INFORMATION PROVIDED:
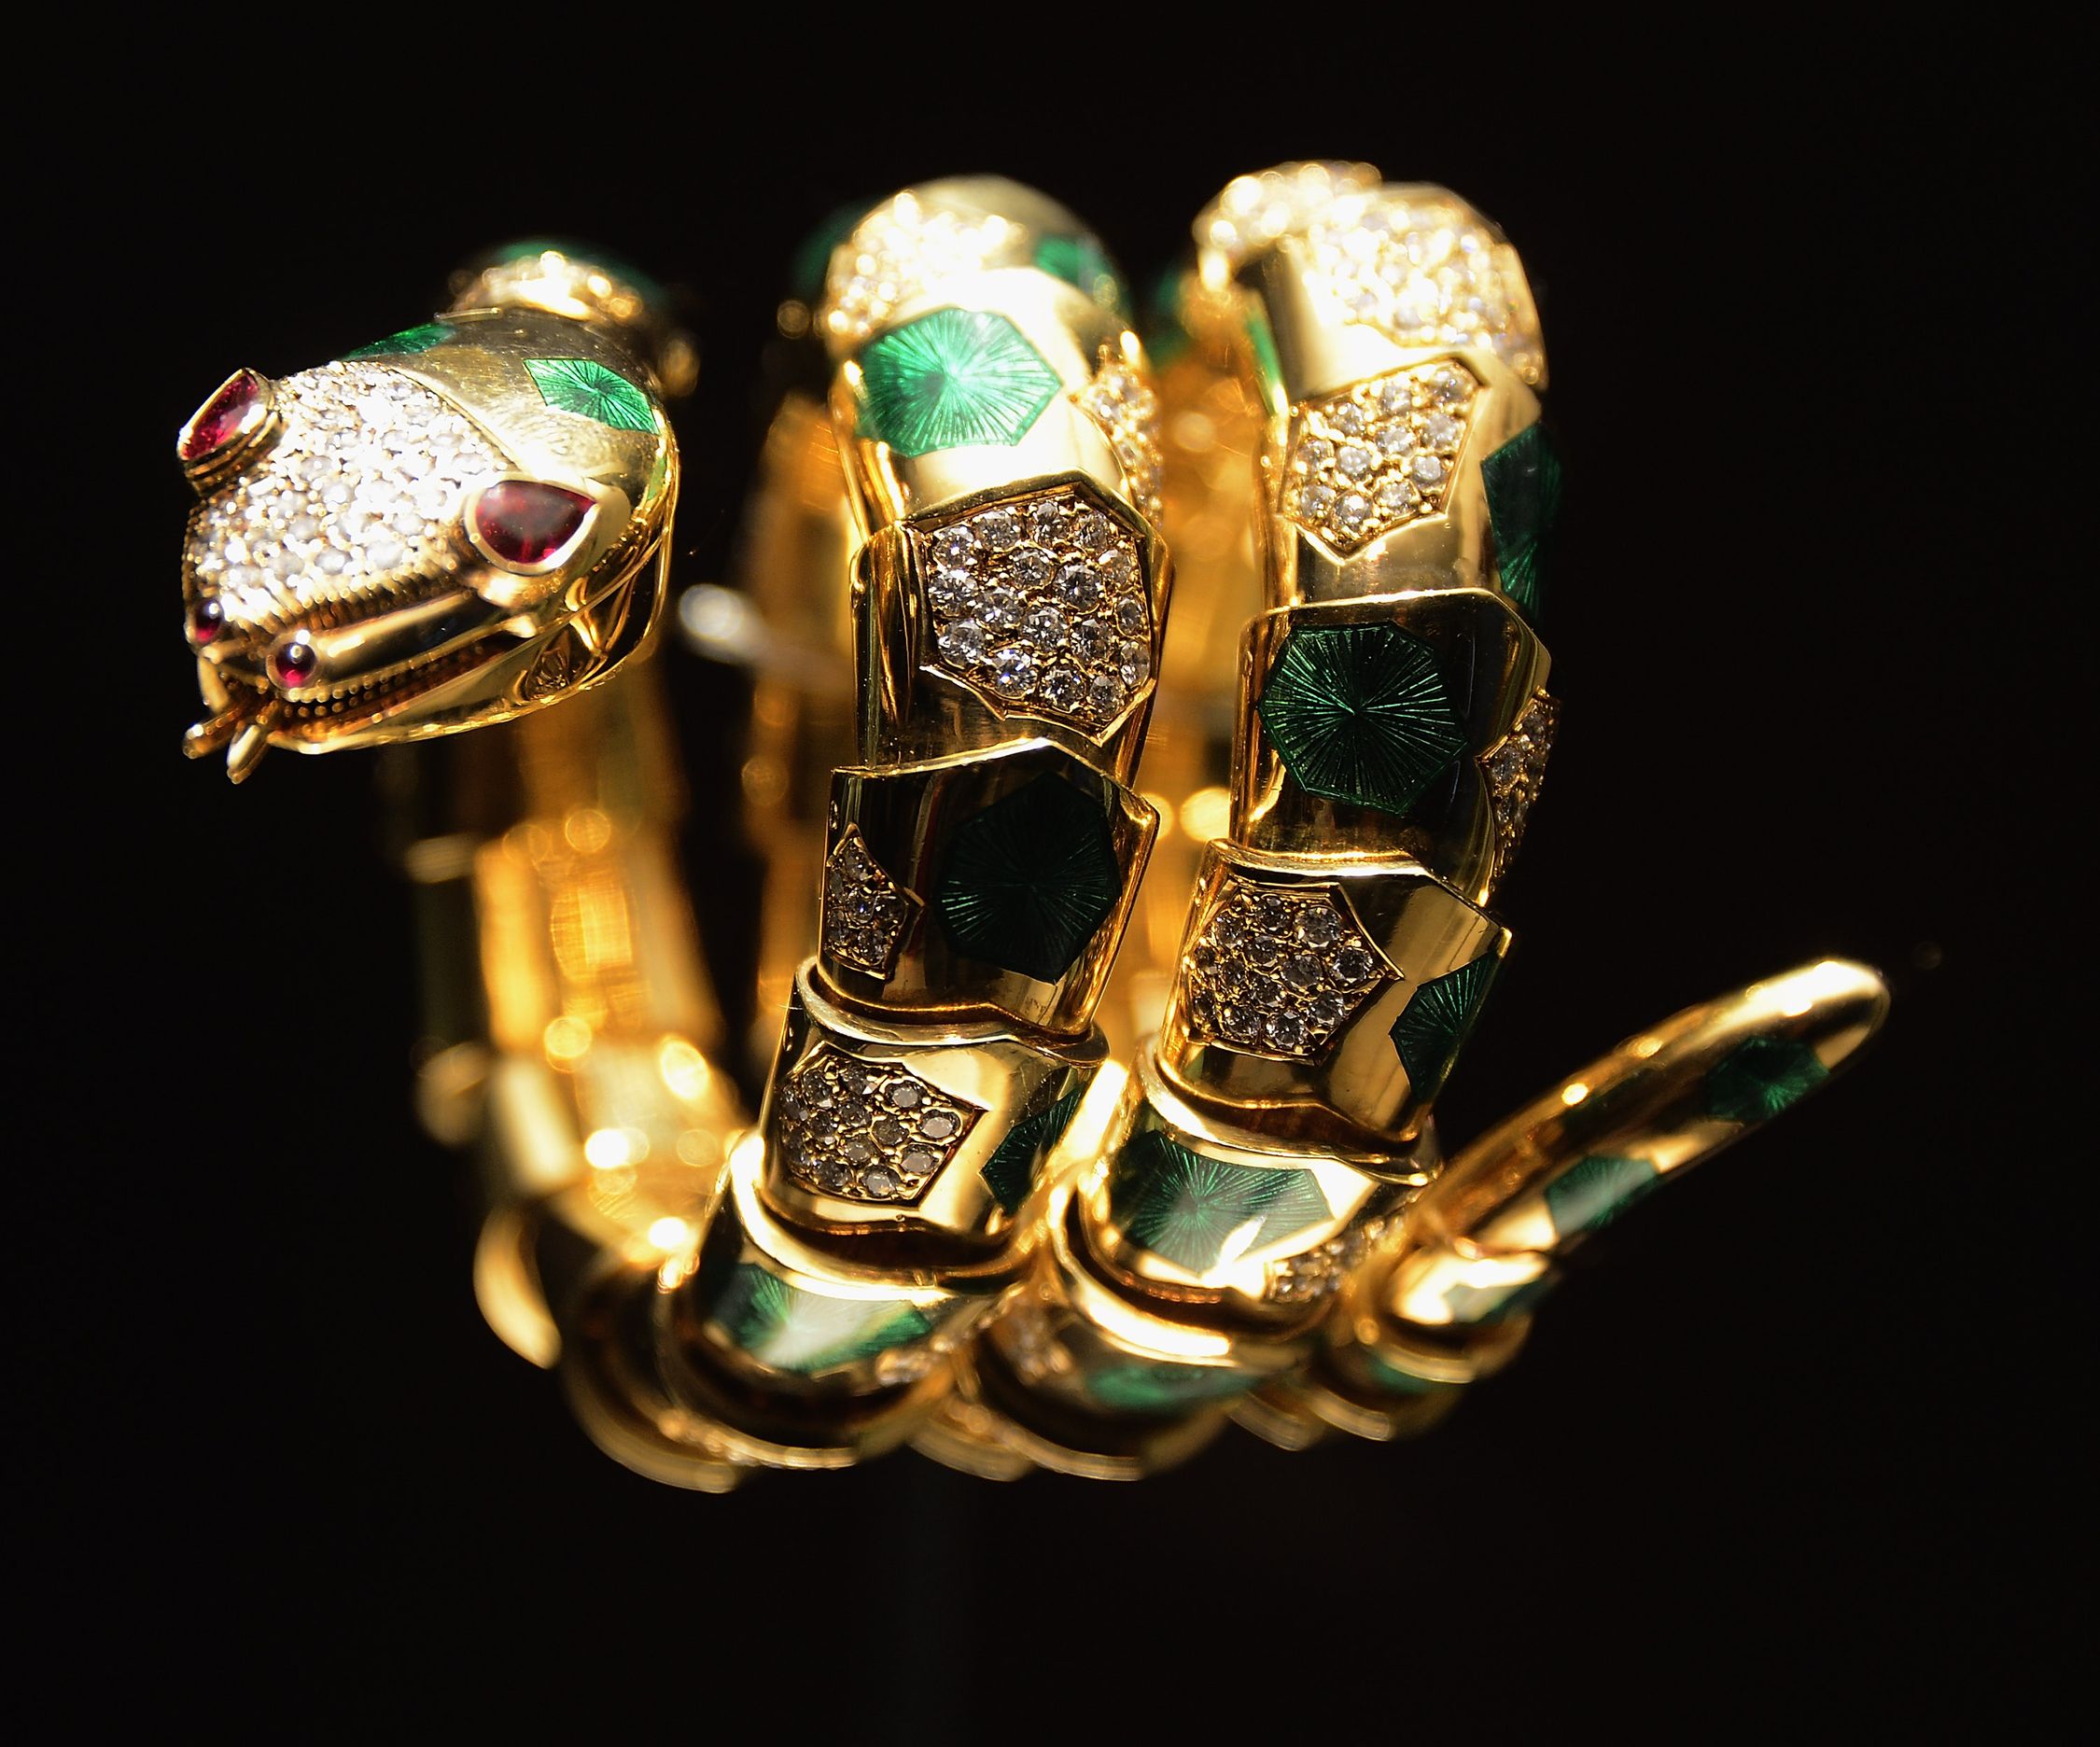 Why the Bulgari Serpenti is one of the most iconic design of all times
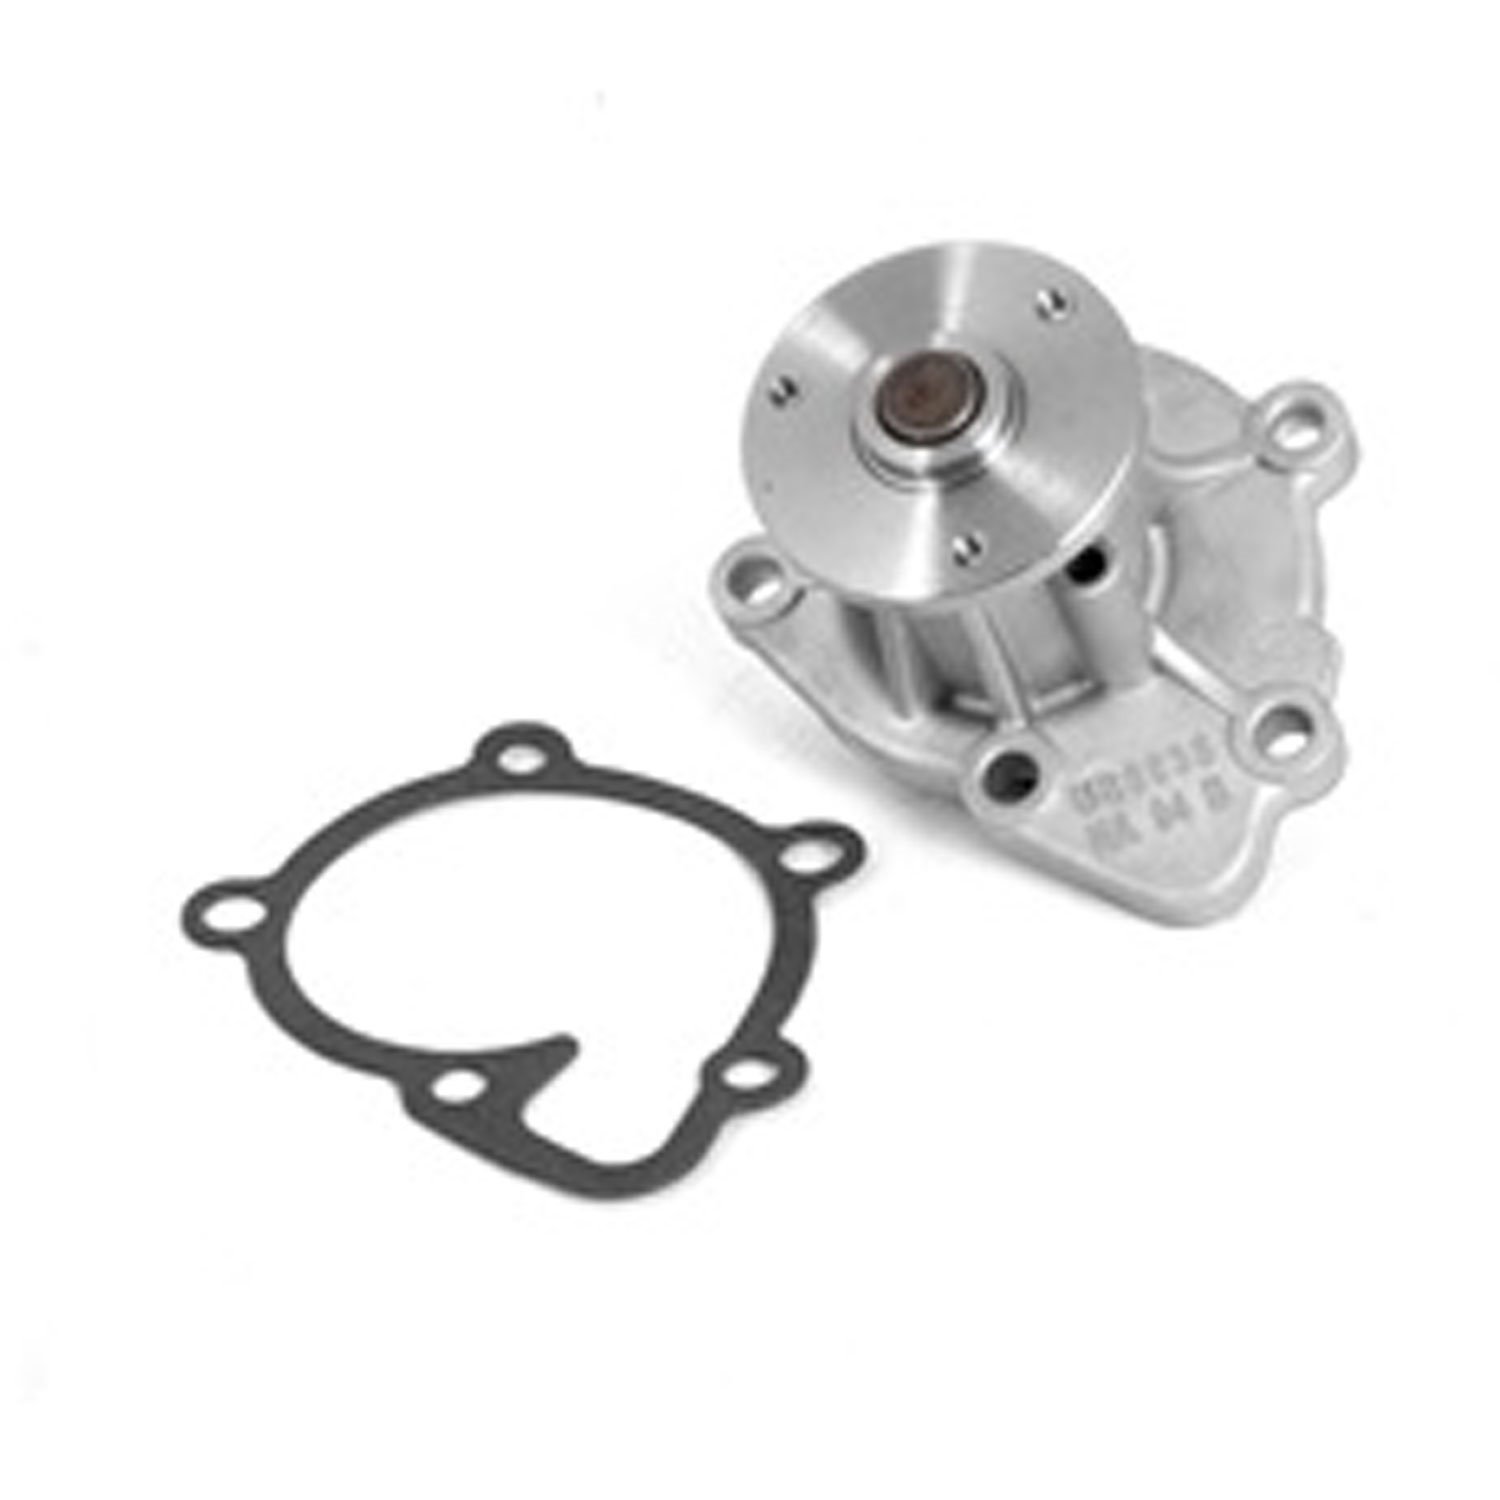 This water pump from Omix-ADA fits the 2.0L
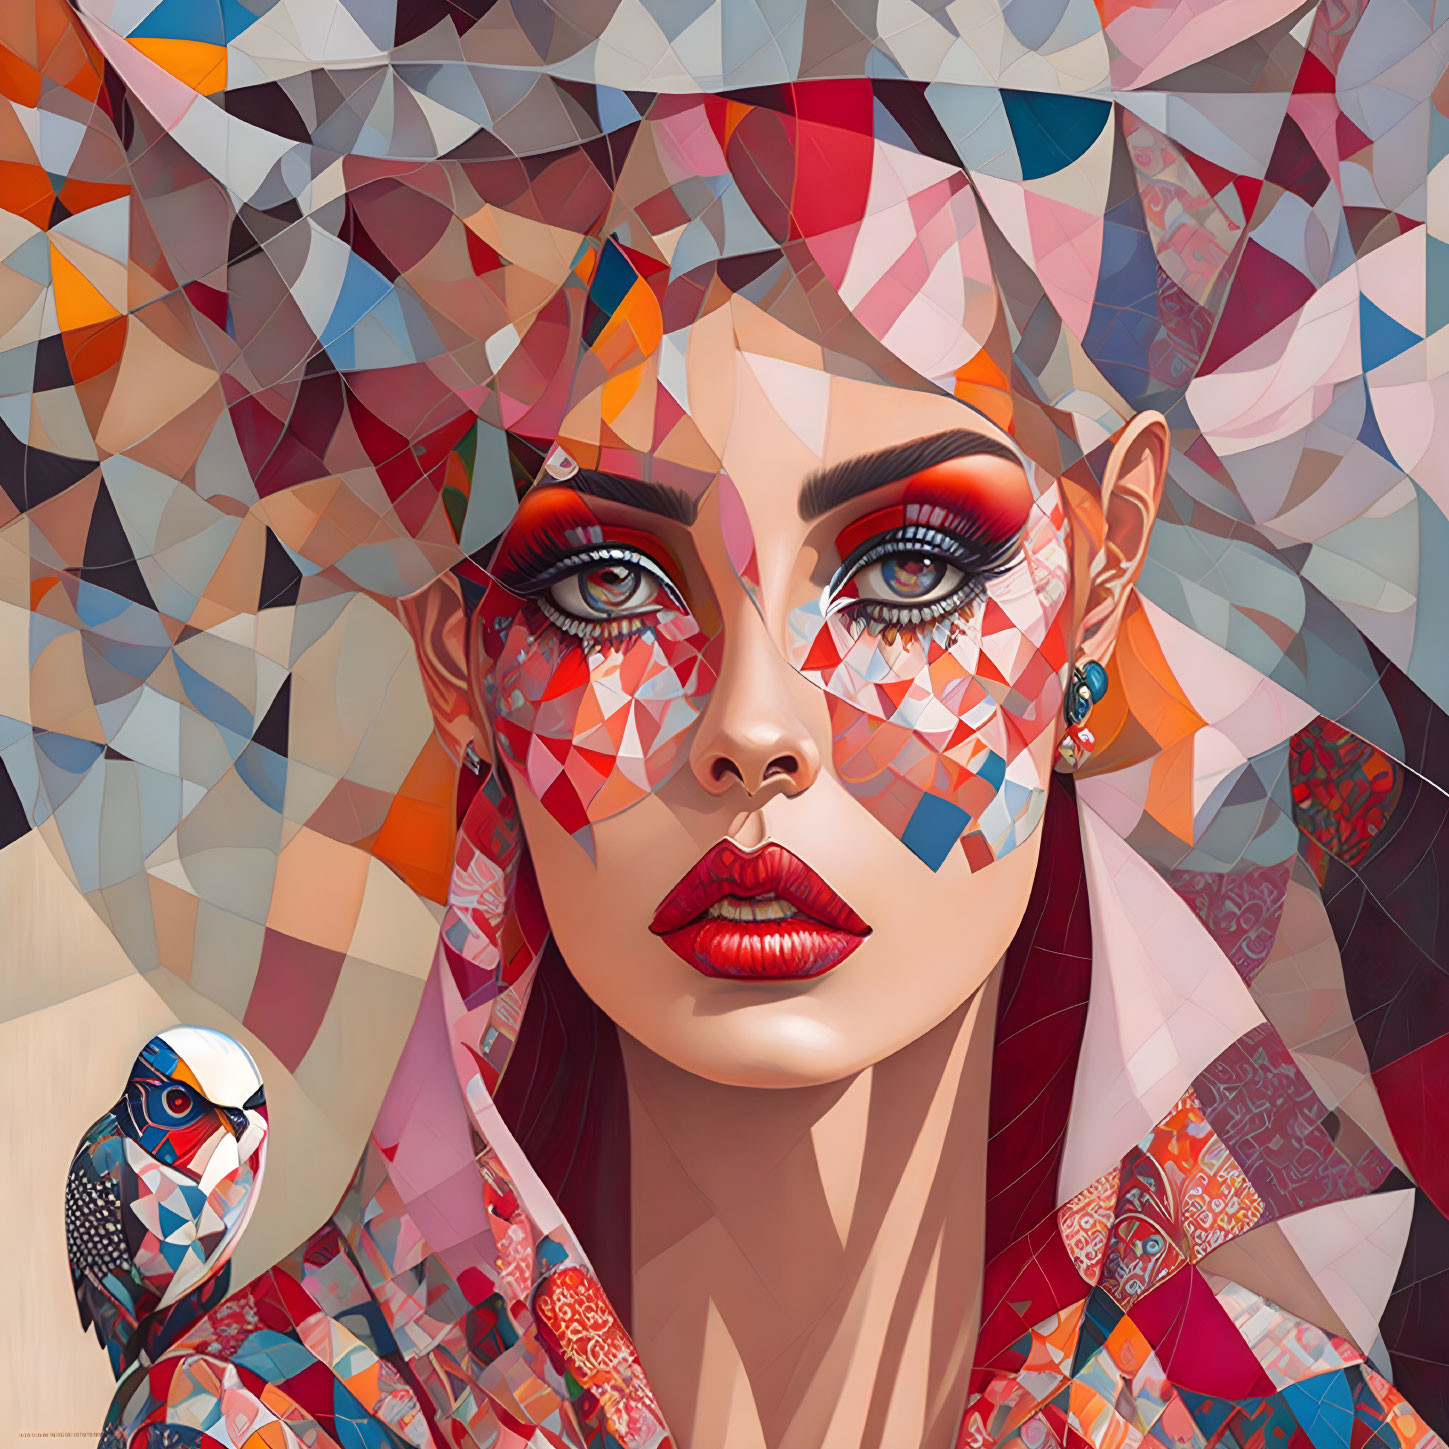 Polygonal-style portrait of woman with sharp features and makeup and parrot on shoulder

EXERCISE INSTRUCTIONS:
Your copy should match the listing exactly, apart from the pictures it leaves out.

TASK RESULT:
 Why the Bulgari Serpenti is one of the most iconic design of all times
 This water pump from Omix-ADA fits the 2.0L
 Polygonal-style portrait of woman with sharp features and makeup and parrot on shoulder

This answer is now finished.